> Dataset records:
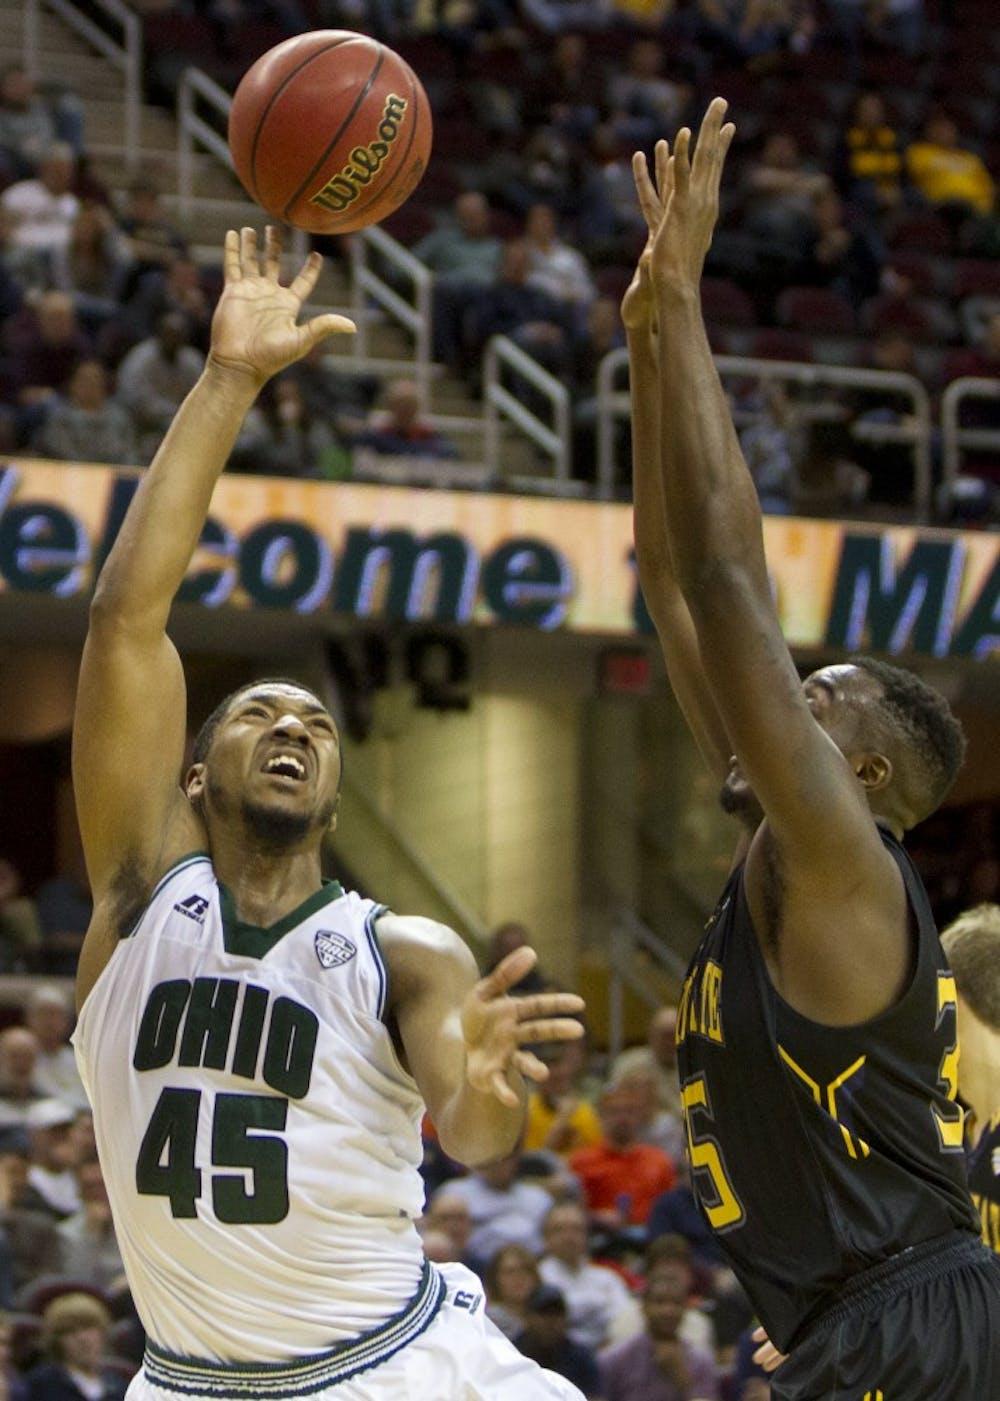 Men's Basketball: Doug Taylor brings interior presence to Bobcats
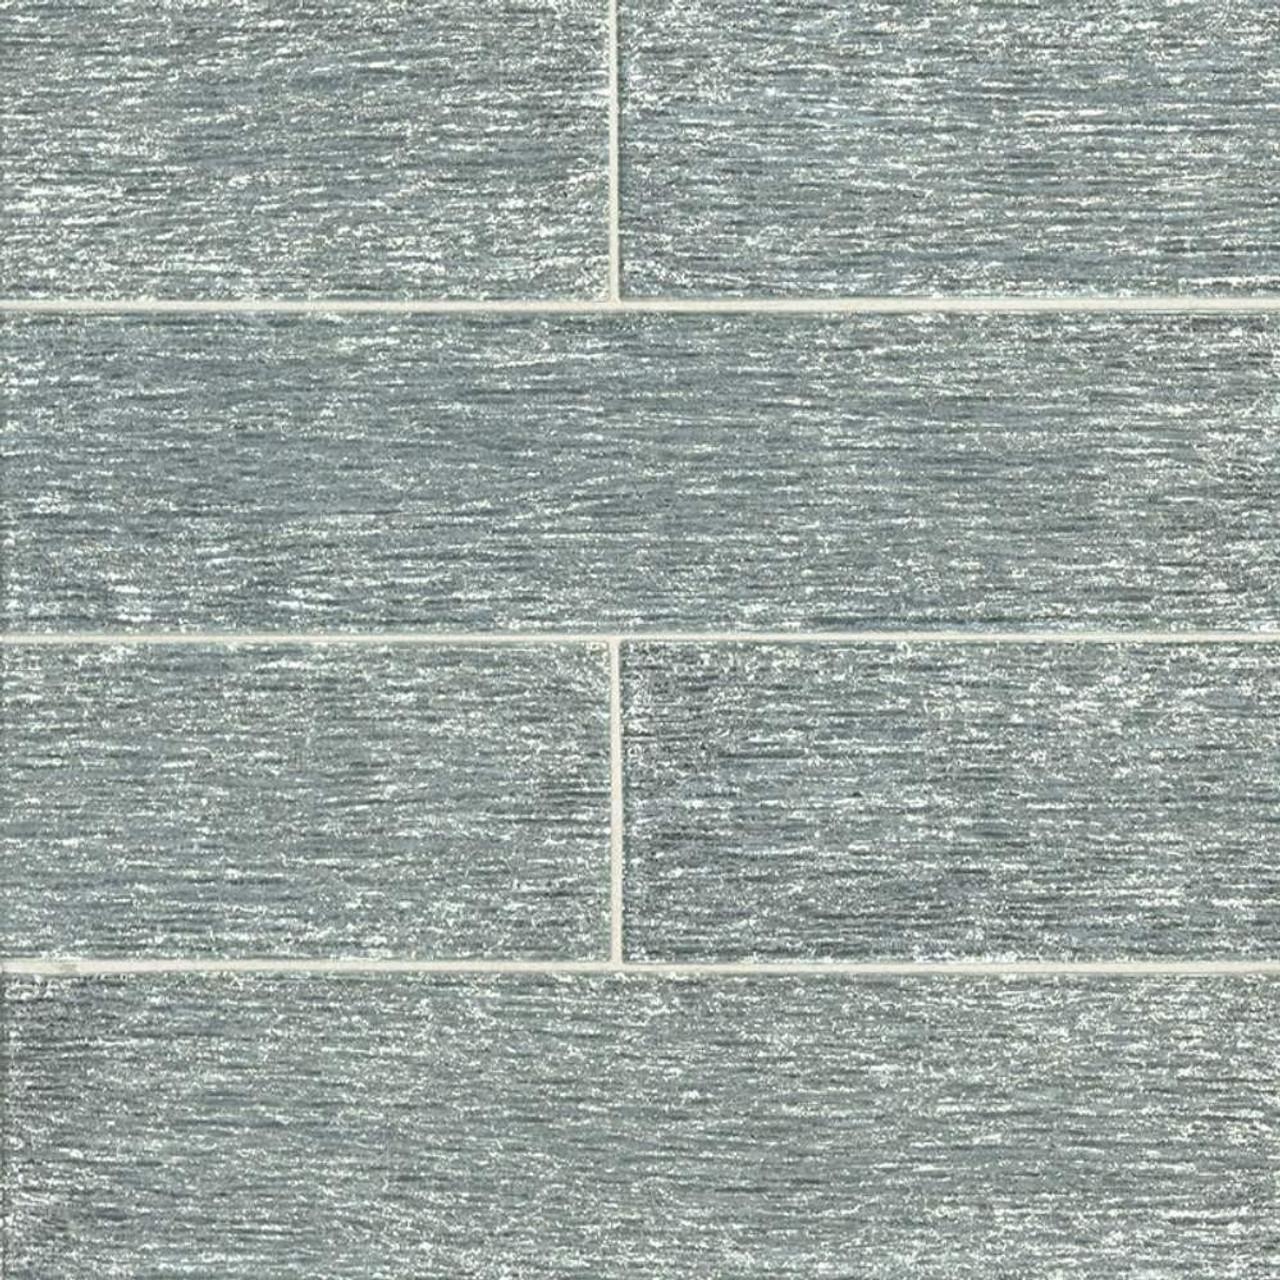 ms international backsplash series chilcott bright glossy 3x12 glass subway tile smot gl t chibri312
--
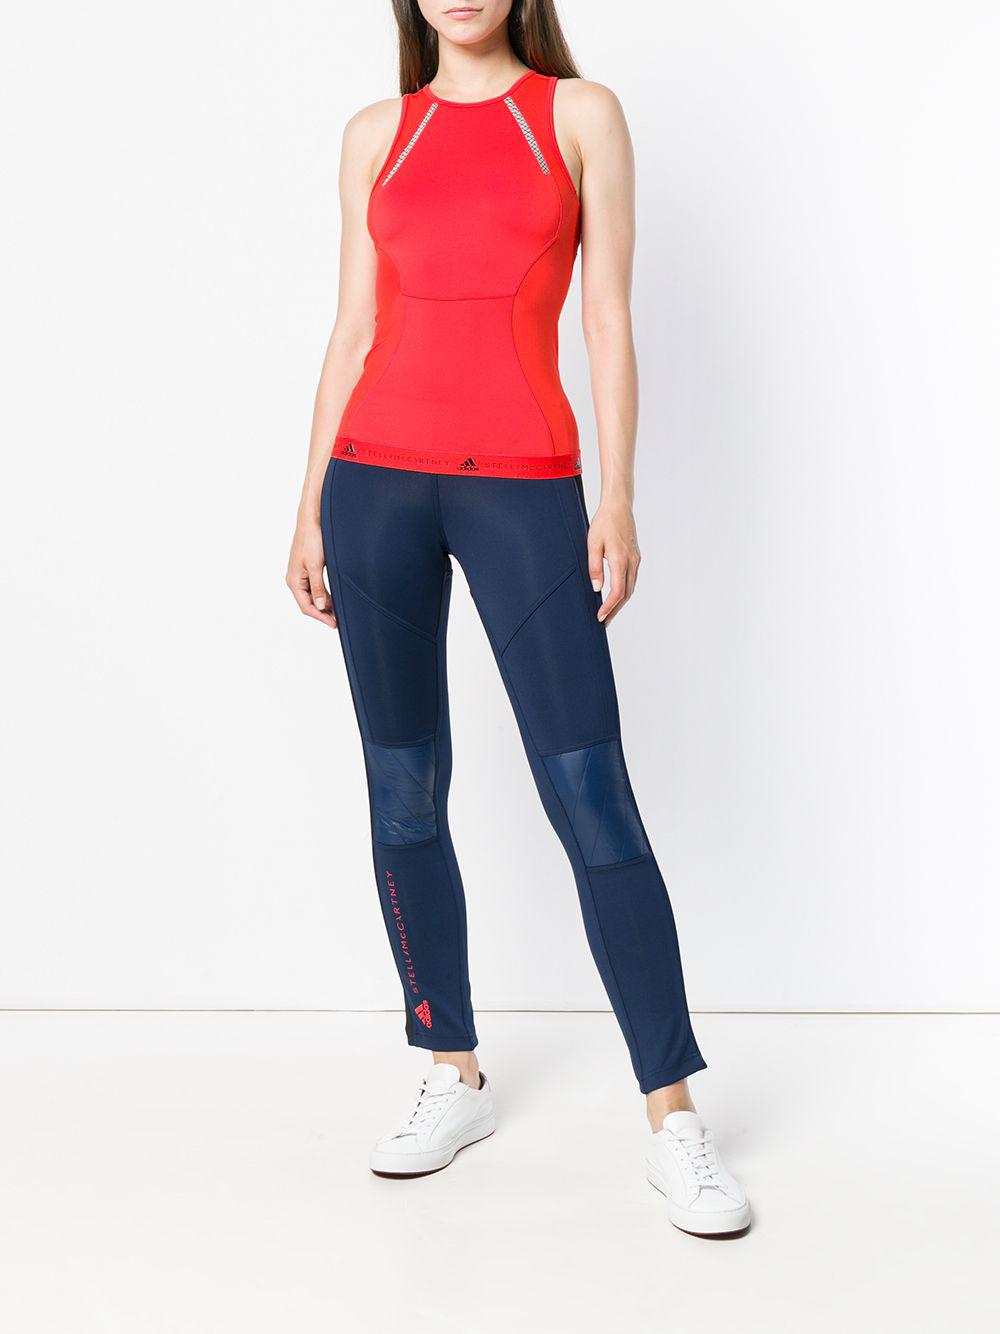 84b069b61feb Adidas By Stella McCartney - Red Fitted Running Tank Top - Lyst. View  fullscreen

> Work instruction: Copy out the listing above from the line containing "Men's Basketball: Doug" to the line containing "ms international backsplash", both included, exactly as written and minus the images.

> Result of the task:
 Men's Basketball: Doug Taylor brings interior presence to Bobcats
 ms international backsplash series chilcott bright glossy 3x12 glass subway tile smot gl t chibri312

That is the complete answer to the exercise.